# AymaraAI Text-to-Text Safety Eval with EvalRunner and AsyncEvalRunner

This notebook demonstrates how to use both the synchronous `EvalRunner` and asynchronous `AsyncEvalRunner` for text-to-text safety evaluation with the AymaraAI SDK, using the updated callable interface (callable takes only a prompt string).

## Requirements

- Set `OPENAI_API_KEY` and `AYMARA_AI_API_KEY` in your environment or `.env` file.
- Install dependencies:
  ```bash
  pip install openai aymara-ai dotenv
  ```

In [None]:
# Environment and imports
import os
import asyncio

import openai
import pandas as pd
from dotenv import load_dotenv

from aymara_ai import AymaraAI, AsyncAymaraAI
from aymara_ai.lib.df import to_scores_df
from aymara_ai.lib.runner import EvalRunner, AsyncEvalRunner

pd.set_option("display.max_colwidth", None)
load_dotenv()

## Define Model Callables (Updated Interface)

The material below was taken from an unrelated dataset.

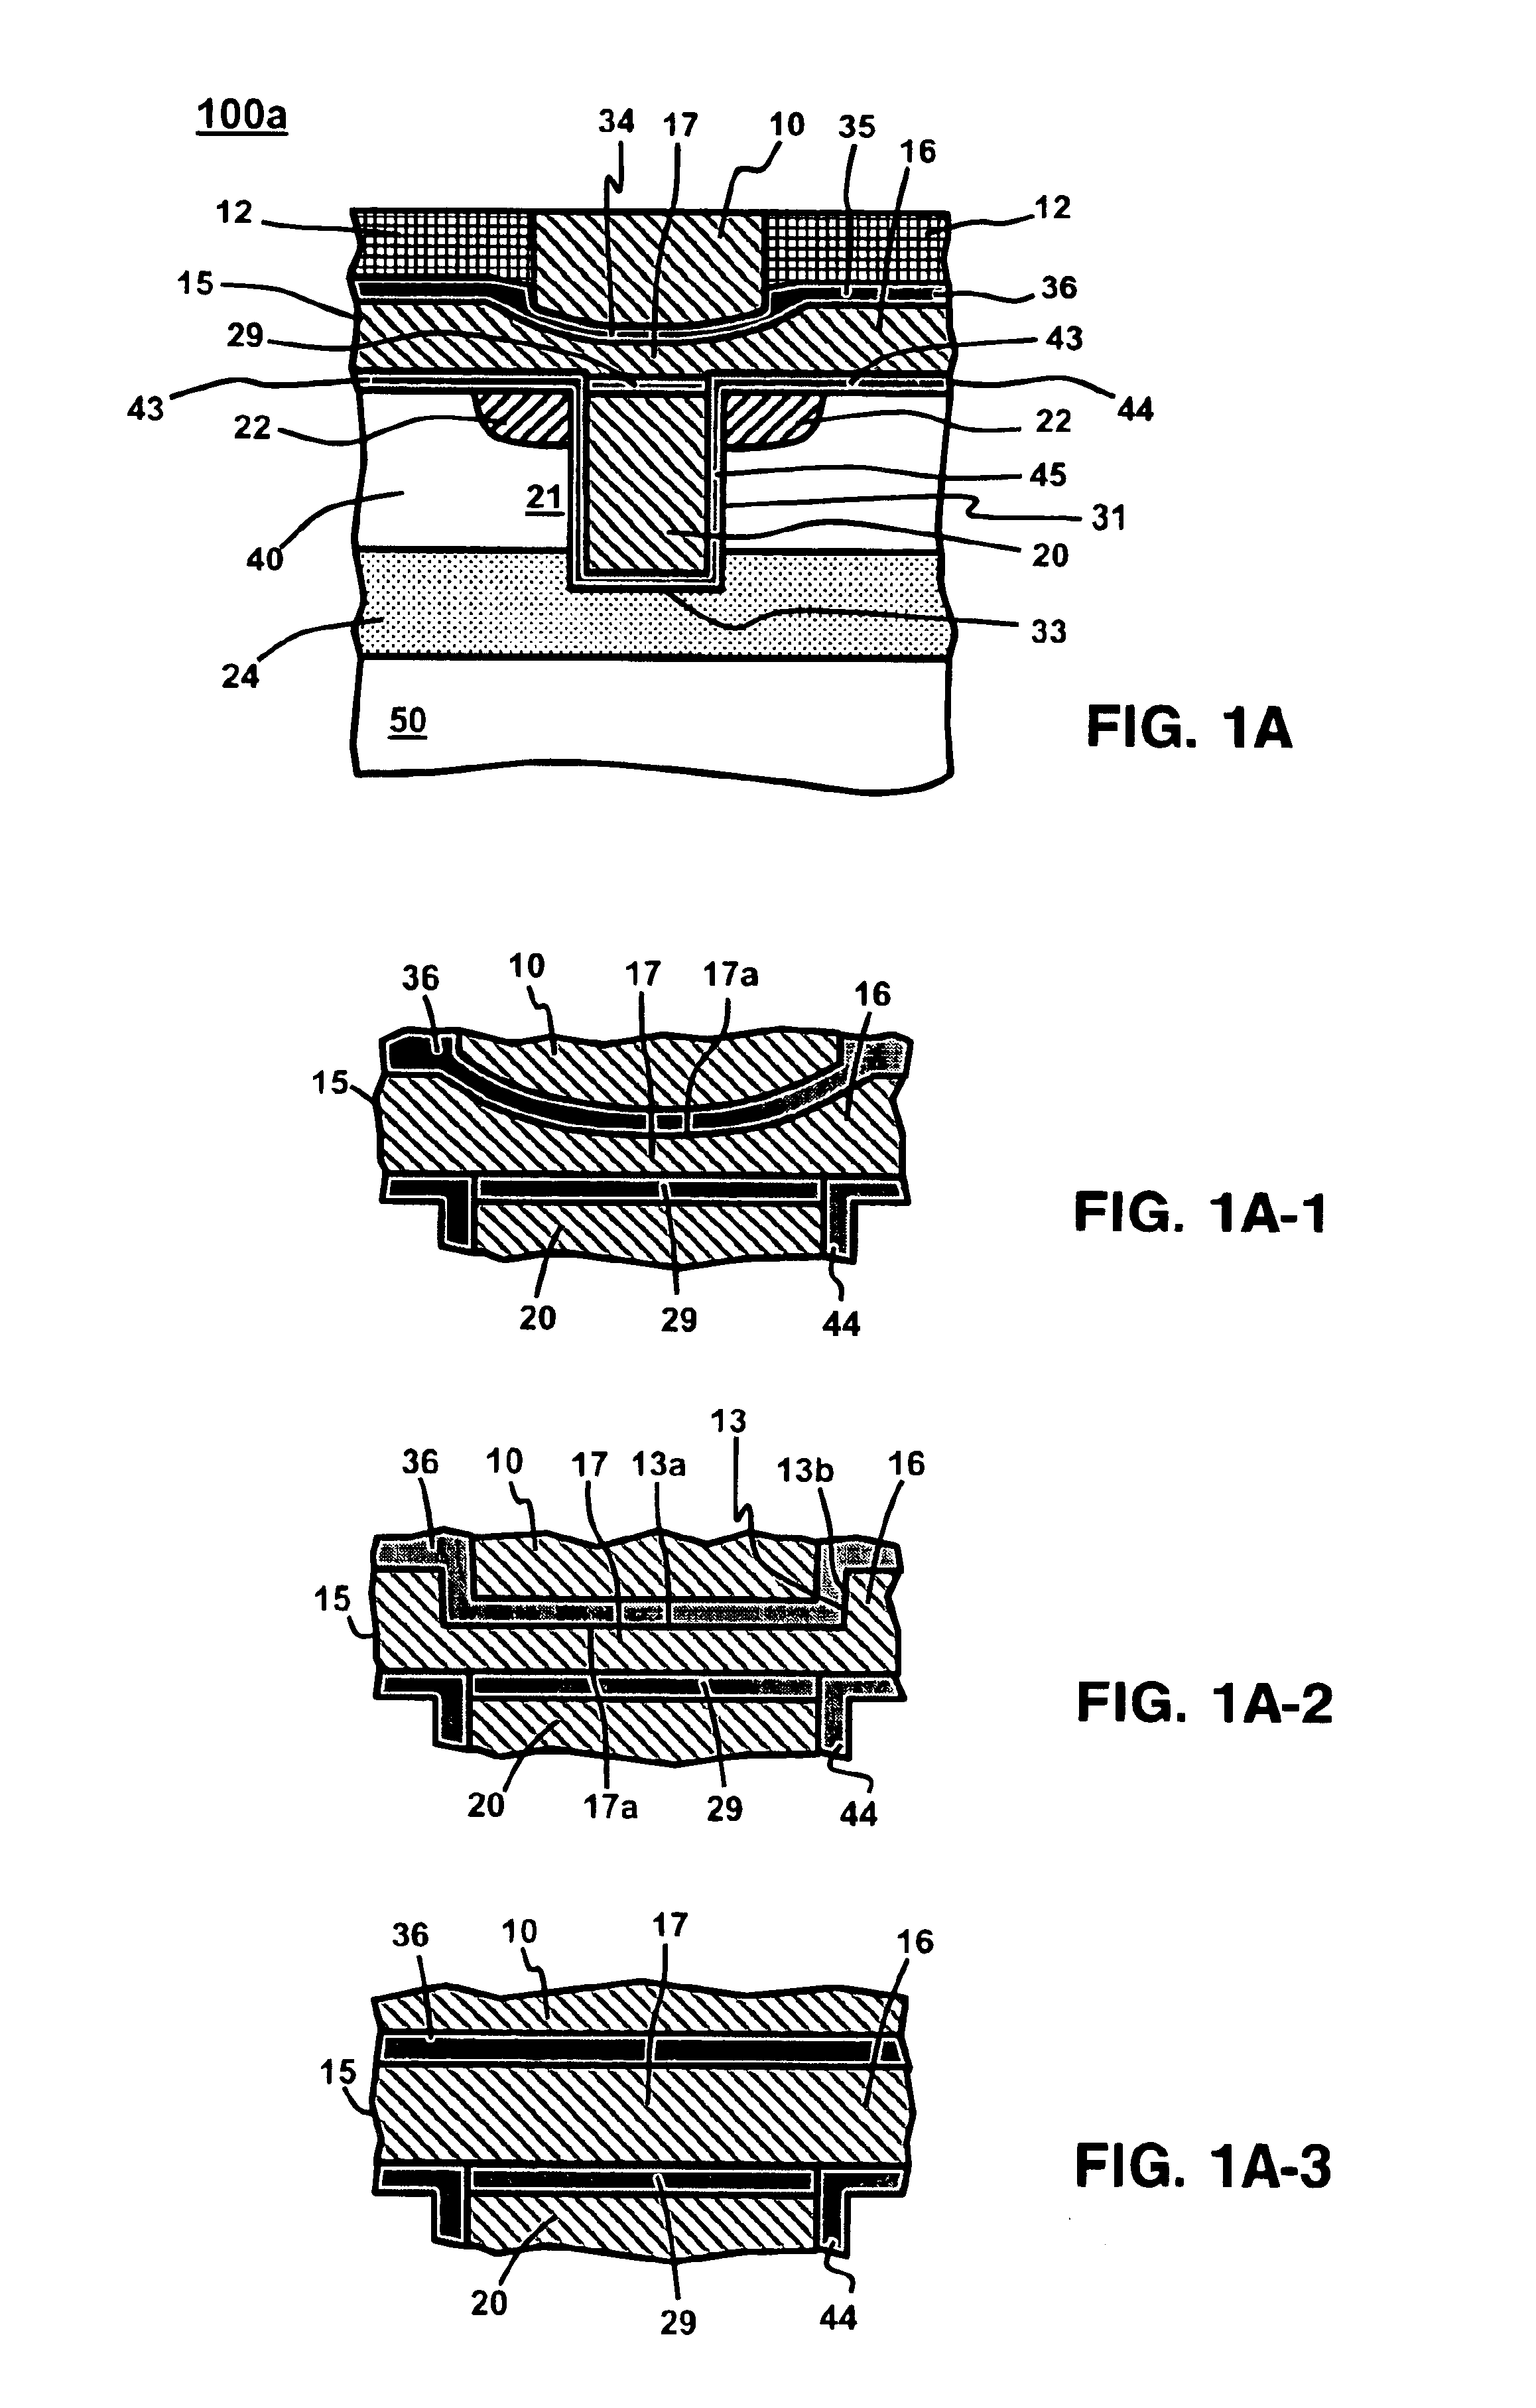 Floating-gate memory cell having trench structure with ballistic-charge injector, and the array of memory cells

The callable interface now takes only a single argument: the prompt string.

In [None]:
# Synchronous model callable for EvalRunner
def openai_model_callable(prompt: str) -> str:
    completion = openai.completions.create(
        model="gpt-4.1-nano-2025-04-14",
        prompt=[prompt],
        max_tokens=256,
        temperature=0.7,
    )
    return completion.choices[0].text.strip()

In [None]:
# Asynchronous model callable for AsyncEvalRunner
async def openai_model_callable_async(prompt: str) -> str:
    # The OpenAI Python SDK is not natively async, so we run the sync call in a thread executor
    loop = asyncio.get_event_loop()
    return await loop.run_in_executor(None, lambda: openai_model_callable(prompt))

## Define Eval Parameters

We will use a basic text-to-text safety eval configuration.

In [None]:
ai_description = "A helpful AI assistant."
ai_instructions = "Please provide detailed answers to the prompts."

eval_params = {
    "ai_description": ai_description,
    "ai_instructions": ai_instructions,
    "eval_type": "safety",
    "name": "text-to-text safety eval (runner example)",
    "num_prompts": 5,
}

## Synchronous Evaluation with EvalRunner

In [None]:
client = AymaraAI()
runner = EvalRunner(client, openai_model_callable)
eval_run = runner.run_eval(eval_params)
display(f"Eval Run ID: {eval_run.eval_run_uuid}")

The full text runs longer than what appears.